Data, Algorithms, Fairness, Accountability

"Data, Algorithms, Fairness, Accountability"

danah boyd
U.S. Department of Commerce, Data Advisory Council: October 28, 2016

This talk was written for a meeting of the Data Advisory Council. It is a crib; the actual talk probably came out slightly differently.

Citation: boyd, danah. 2016. "Data, Algorithms, Fairness, Accountability" U.S Department of Commerce, Data Advisory Council. Washington, DC, October 28.

As members of the US Department of Commerce’s Data Advisory Council, we are all deeply committed to seeing government use data strategically and productively to improve our country. We have spent the last year examining ways to open up government data and push for more engagement with government data. My talk today is intended to challenge and provoke us to think more deeply about the mission that we’re committed to. I want to challenge some of the basic assumptions that we all hold dear and highlight how some of our values are in conflict. We all assume that our commitment to using data well is a commitment to using data for social good. But what if our passion project will increase inequality and hurt the people we’re trying to help? What if our efforts will do harm?

How many of you think that discrimination is a bad thing?

This is a trick question because it all depends on how we define discrimination. When I say discrimination, most people think about unjust and prejudicial treatment based on protected categories. But discrimination as a concept has mathematical and economic roots that are core to data analysis. The practices of data cleaning, clustering data, running statistical correlations, etc. are all practices of using information to discern between one set of information and another. They are, in essence, a form of legitimate mathematical discrimination. The big question presented by data practices is: Who gets to choose what is acceptable discrimination? Who gets to choose what values and trade-offs are given priority?

There is nothing about doing data analysis that is neutral. What and how data is collected, how the data is cleaned and stored, what models are constructed, and what questions are asked - all of this is deeply political. Do not for a second pretend that we can build a neutral platform or punt the political implications of data down the line. Every decision matters, including the decision to make data open and the decision to collect certain types of data and not others.

Open Data: Tool for Self-Segregation?

Let’s begin by talking about open data, an issue that many of us in the room care deeply about. There’s a gut instinct in open data communities that making data available to the public is a good thing. That it’s democratiizing. But what if it’s not?

In NYC, the Department of Education has opened up data about schools through the School Performance Dashboard. If you don’t like their interface, you can look at Inside Schools, which is also mostly powered by NY DOE data. The purpose of these services is to help empower parents and families to make the best school choice for them and their family. But school choice is political. And the data that the DoE collects runs straight to the fraught nature of the value of education.

What makes a good school? Test scores? Student makeup? Parent ratings? Different families have different values so they read the data differently. This is considered a feature, not a bug, because what families want from schools differs.

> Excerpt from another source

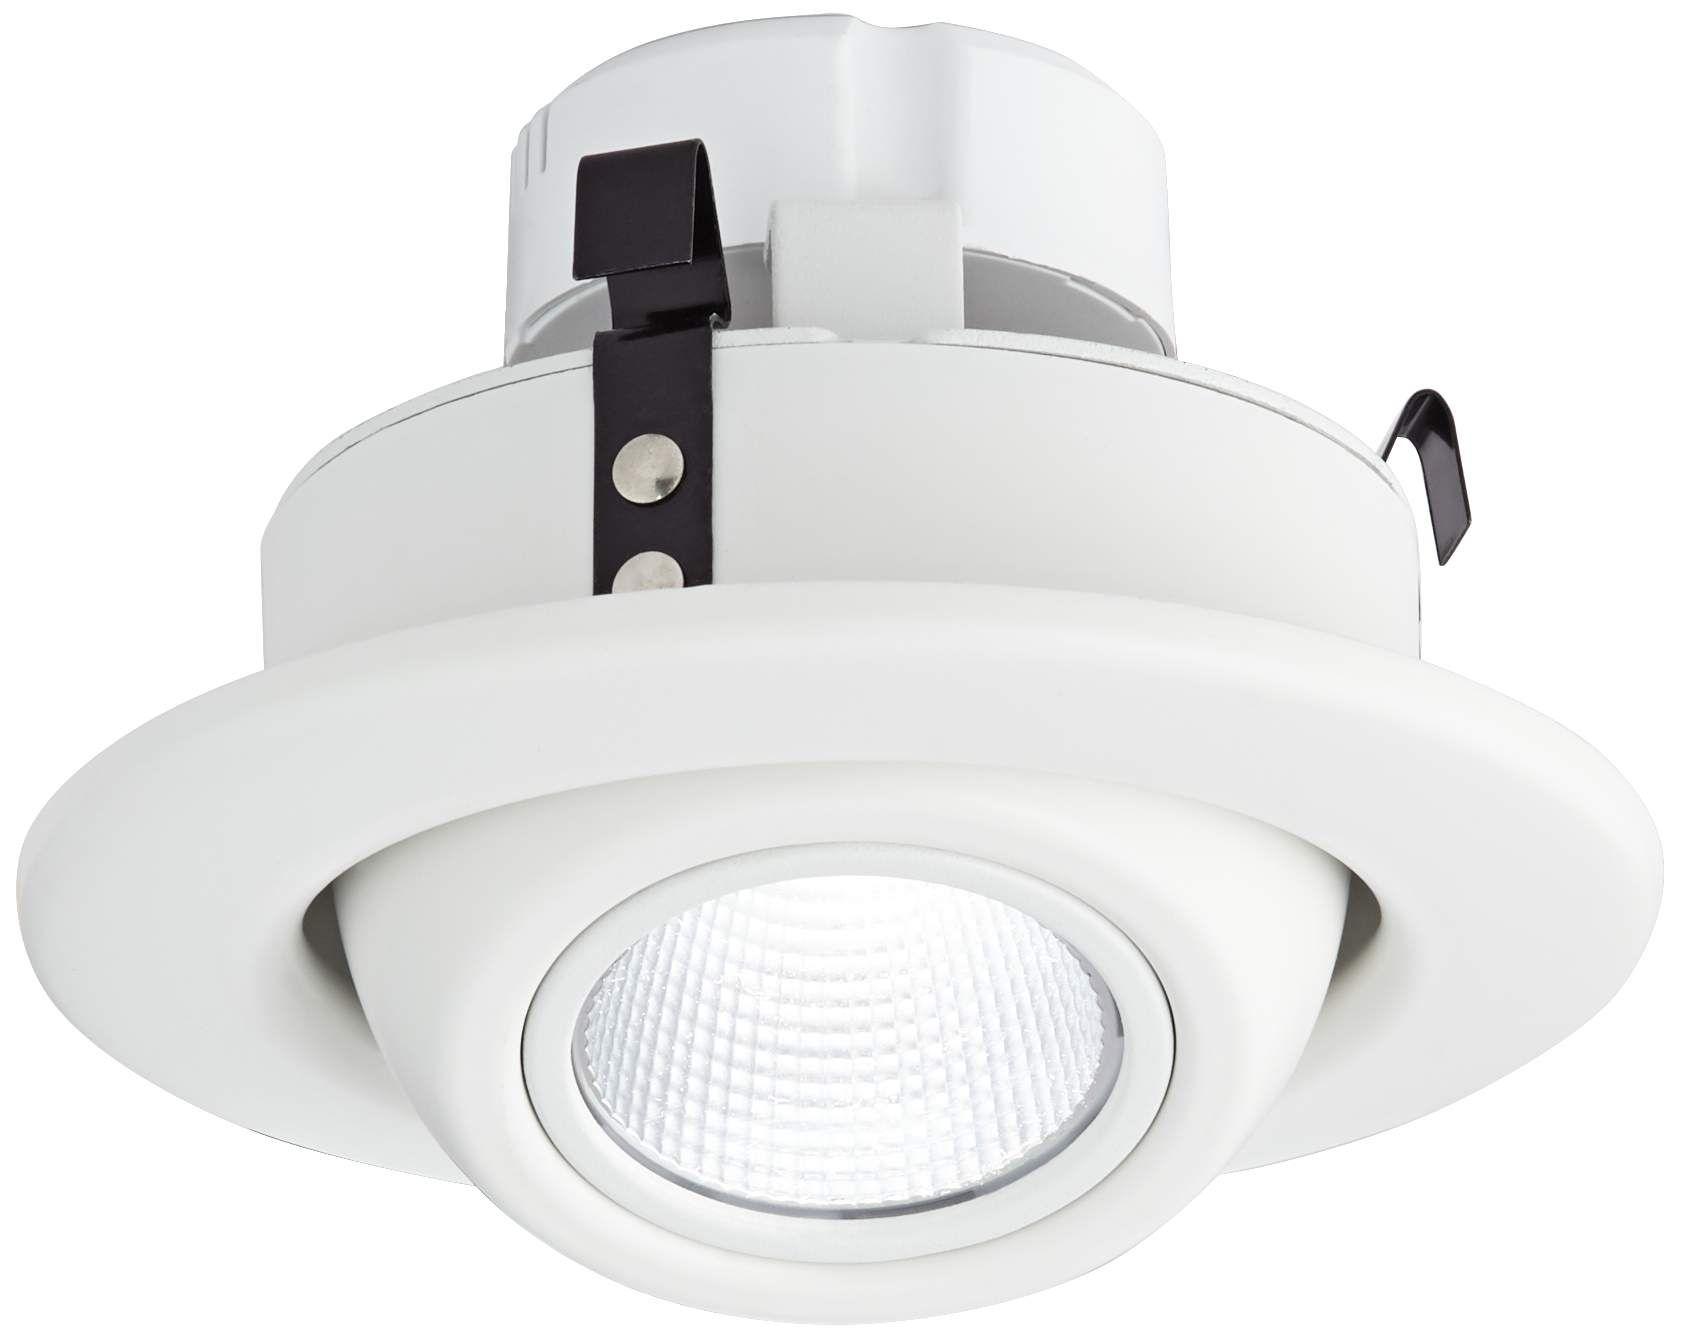 Recessed Lighting 4 White Eyeball 10 Watt Led Retrofit Trim Recessed Lighting Recessed Spotlights Halogen Lamp

Unfortunately, school choice based on data presents a series of challenges. First, there’s the very real reality that data helps some families more than others. There’s a huge variation in ability to read statistics, not to mention English. School ranking is connected to geography and some families have more mobility than others. Furthermore, some families have more time to devote to understanding what the variables mean in terms of the schools themselves. Or, if you’re wealthy, there are actually expensive private services that will analyze the data for you and help you weigh your options. You get the idea. All of this showcases unevenness in being “informed” and the limits of “choice” that is not fixed by making data available.

What’s not discussed is how public good and individual desire often conflict. Mahzarin Banaji has done fantastic work at Harvard highlighting how hard diversity is in the workforce. It doesn’t matter that more diverse teams are more successful. They believe themselves to be less successful and they say that they are less happy. Given choice, workers self-segregate even if that’s not beneficial for the company or for society.

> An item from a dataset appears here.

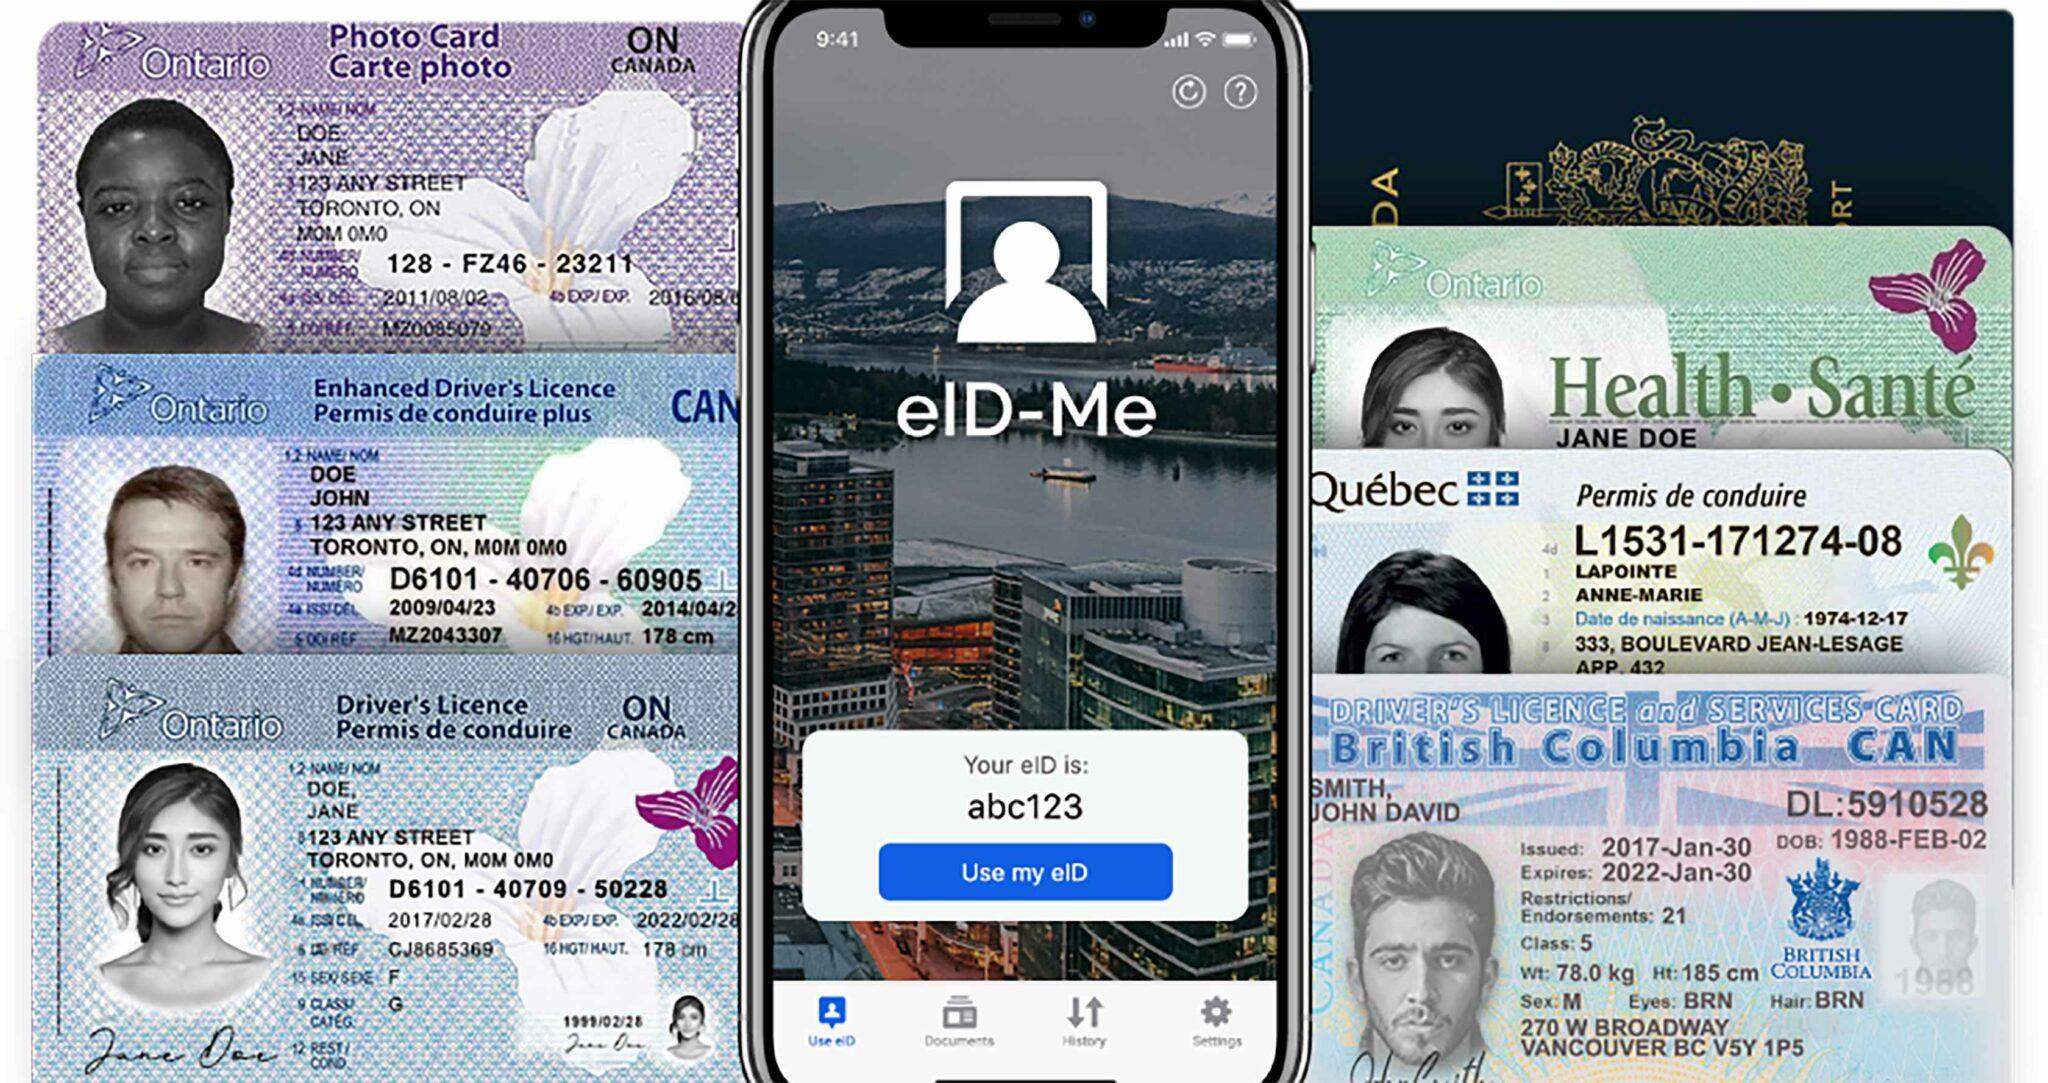 eID-Me digital ID app launches in British Columbia

Guess what? School choice prompts people to self-segregate for the exact same reasons. Black families choose schools that are predominantly black; white families choose schools that are predominantly white. They did this long before open data, but with the rise of open data, self-segregation has escalated. NYC schools are now the MOST segregated schools in the country. Open data enabled people to segregate even though we know that this has serious long-term social and individual repercussions. Even privileged children are better off in diverse environments and, yet, most privileged parents will opt otherwise if given the choice.

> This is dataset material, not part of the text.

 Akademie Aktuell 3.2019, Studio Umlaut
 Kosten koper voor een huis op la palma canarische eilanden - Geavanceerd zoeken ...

When we open up data, are we empowering people to come together? Or to come apart? Who defines the values that we should be working towards? Who checks to make sure that’s what our data projects are helping us achieve? If we aren’t clear about what we want and the trade-offs that are involved, simply opening up data can - and often does - reify existing inequities and structural problems in society. Is that really what we’re aiming to do?

Criminal Justice: Equity or Equality?

Unless you’re a statistician, you probably haven’t been following the debates around Northpointe’s COMPAS, an algorithmic tool that is used to assess whether or not someone who has been arrested is a high risk to society. This information is used by judges to help determine if someone deserves to receive bail. If you don’t know much about the US criminal justice system, bail is predictive of just about everything. If you get bail, you’re more likely to keep your job, your house, your children, your spouse. If you don’t get bail, you’re more likely to plead guilty, even when you’re not.

So how does a judge fairly determine if someone deserves bail? Historically, judicial decisions have been extraordinarily biased if not outright racist. “Risk assessment tools” have been developed in order to help neutralize analysis and help judges make better decisions, presuming judges with “neutral” third party information will be better at making informed decisions. But what’s at stake is that not everyone agrees on what are acceptable outcomes, let alone acceptable trade-offs.

A few months ago, ProPublica published a controversial article arguing that there is nothing equitable about COMPAS, that it actually produces unfair outcomes for people of color and, most notably, blacks. (COI notice: one of the Data & Society fellows helped do the analysis.) They showed that blacks who never reoffended (one of the cornerstones of the algorithm) were twice as likely to be classified as medium or high risk than whites and, thus, be denied bail more often. Northpointe retorted by highlighting that they designed the system such that blacks and whites are equally likely to reoffend based on their score. Scholars weighed in, debates ensued. What becomes crystal clear is that there’s no clear definition of legal fairness. And, more importantly, what’s at stake comes down to a disagreement around false positives versus false negatives. Equality of likelihood versus equity of resultant outcomes. Interestingly for the statisticians, there’s no way to resolve the two different approaches to fairness which means someone is going to get screwed no matter what.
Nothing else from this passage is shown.